Um estudo publicado na revista Proceedings of the National Academy of Sciences, conduzido por um grupo de cientistas da Universidade de Nova Iorque, quase quatro décadas após o maior desastre nuclear do mundo, revelou resultados surpreendentes: uma coleção de vermes microscópicos que habitavam a Zona de Exclusão de Chernobyl, submetidos a análises laboratoriais, demonstraram resistência aos efeitos da radiação.
Após o desastroso colapso em 26 de abril de 1986 na central nuclear de Chernobyl, na Ucrânia, a região mais afetada foi declarada uma área de acesso proibido – a Zona de Exclusão de Chernobyl.
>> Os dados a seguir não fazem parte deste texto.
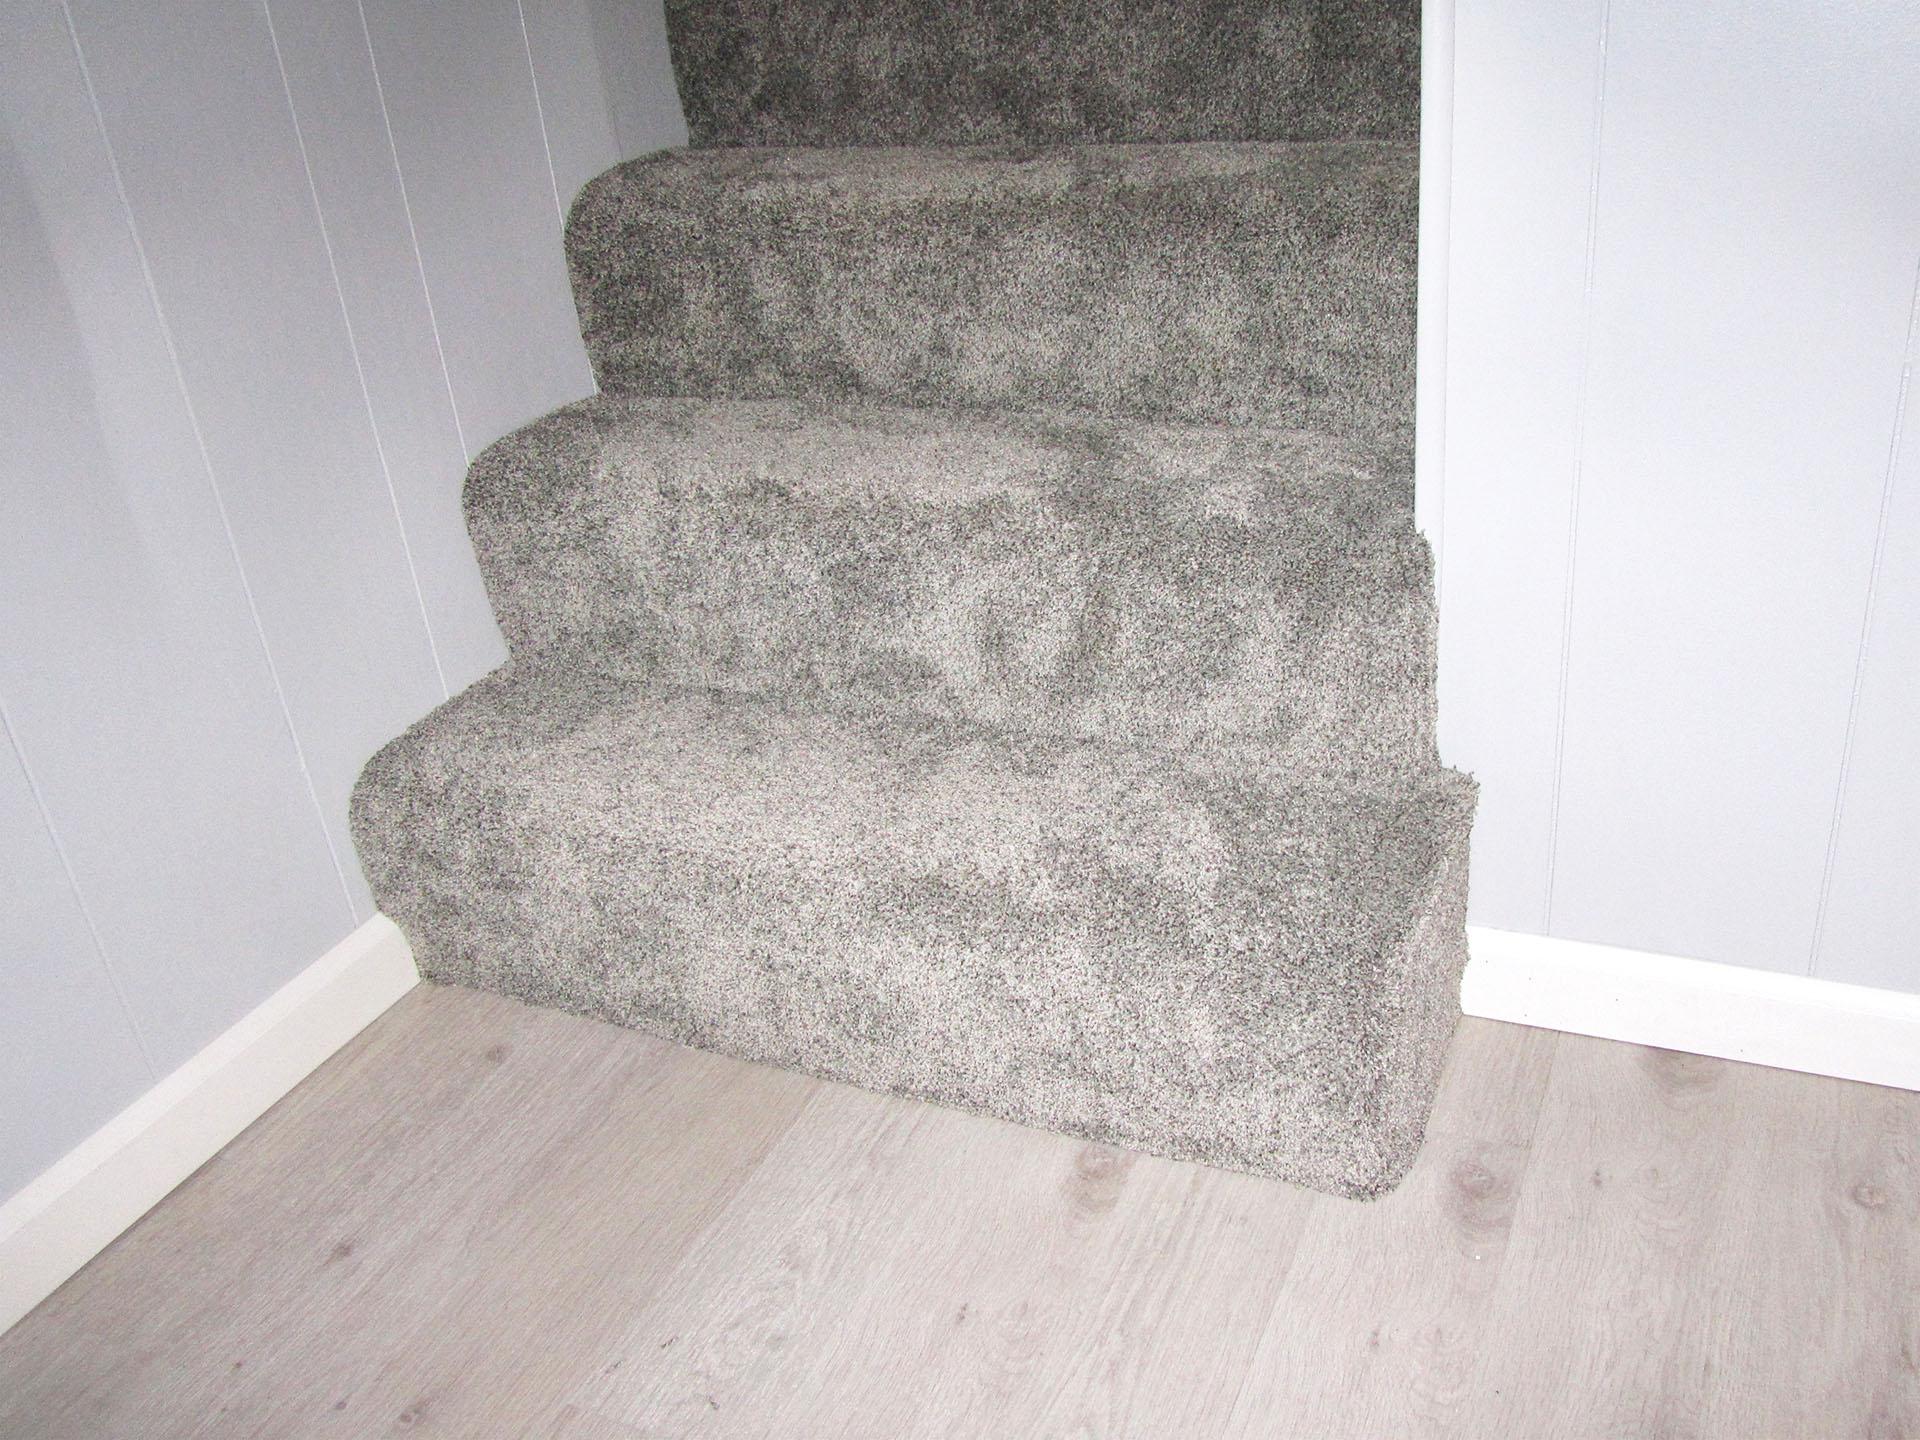 mike-marinari-basement-stairs-carpet-1920-IMG_0845.jpg
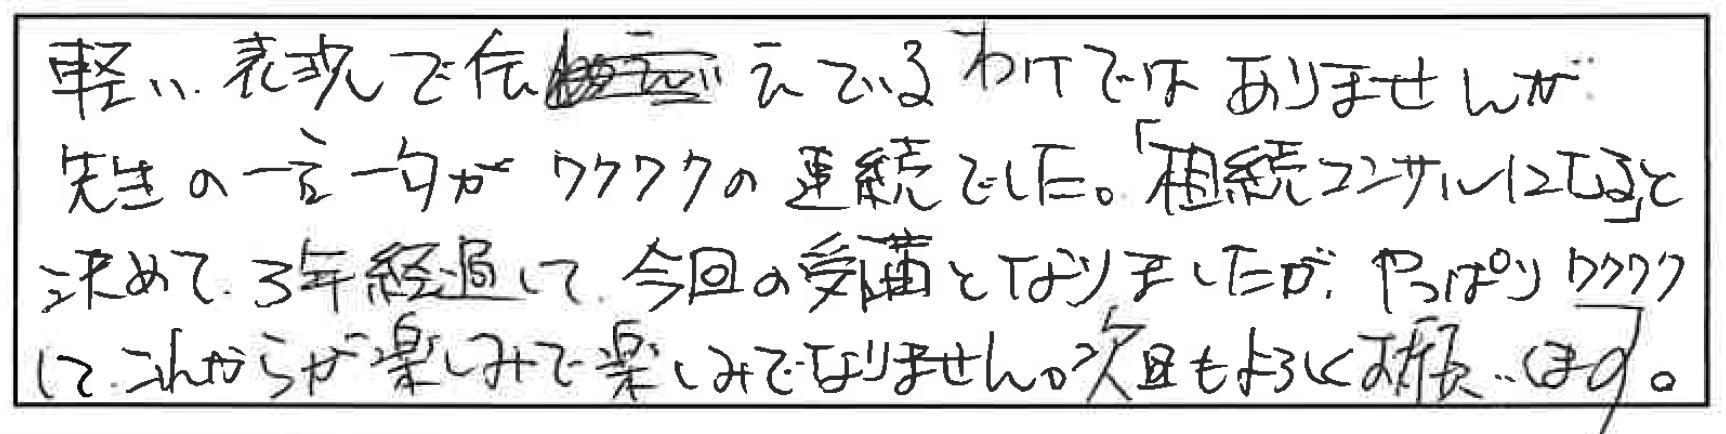 吉澤塾 半年コースの参加者の声画像240

Esta área, de quase 2.700 quilômetros quadrados em torno de um raio de 30 km da central, tornou-se um dos lugares mais radioativos do mundo: liberou 400 vezes mais radiação na atmosfera do que a bomba lançada sobre Hiroshima.
O grupo de cientistas visitou a Zona de Exclusão de Chernobyl em 2019 com o objetivo de coletar vermes microscópicos da espécie Oscheius tipulae, que viveram em áreas com alta e baixa radiação. A partir de sua análise, concluíram que o conjunto completo de genes que compõem o organismo dos vermes não foi afetado, apesar da exposição à radiação. De fato, os nematoides – pequenos vermes – estão conseguindo se desenvolver apesar dos níveis extremos de radiação.
Segundo os pesquisadores, a resiliência dos vermes desafia as previsões anteriores sobre os impactos da radiação em organismos e abre caminho para futuros estudos sobre mecanismos de reparo de DNA e adaptação a ambientes hostis.
Os cientistas sequenciaram o genoma de 15 nematoides da Zona de Exclusão de Chernobyl que foram expostos a diferentes níveis de radiação e os compararam com cinco de outras partes do mundo. Os resultados mostram que não foram encontrados sinais de danos por radiação nos vermes da Zona de Exclusão, ao contrário de estudos realizados em outros animais, como sapos, que sofreram alterações físicas após a exposição à radiação de Chernobyl. Essa descoberta sugere que esses organismos possuem mecanismos de reparo de DNA altamente eficientes que lhes permitem sobreviver em ambientes extremamente radioativos.
Ao obter esses resultados, os pesquisadores questionaram se este seria simplesmente o caso dos nematoides por serem particularmente habilidosos na reparação de seu DNA. Para obter uma resposta a essa pergunta, estimularam a reprodução de 20 vermes em ambiente de laboratório e testaram a exposição de seus descendentes a produtos químicos que danificam o DNA. As diferentes linhagens mostraram divergências na forma como resistiam à mutação do DNA em face dos produtos químicos, mas os pesquisadores não estabeleceram correlação entre a resistência aos danos no DNA e os níveis de radiação aos quais seus antepassados foram expostos.
Os resultados sugerem que os vermes de Chernobyl não são “necessariamente mais tolerantes à radiação e a paisagem radioativa não os forçou a evoluir”. No entanto, os cientistas acreditam que este estudo pode ser um grande avanço na ciência e fornecer informações para a pesquisa do câncer em seres humanos.
A principal autora do estudo, Sophia Tintori, afirmou: “Não sabemos quanto tempo cada um dos vermes que coletamos permaneceu na Zona, então não podemos ter certeza do nível de exposição que cada verme e seus ancestrais receberam nas últimas quatro décadas”. E acrescentou a seguinte explicação: “Isso não significa que Chernobyl seja seguro – é mais provável que signifique que os nematoides são animais realmente resistentes e podem sobreviver a condições extremas”.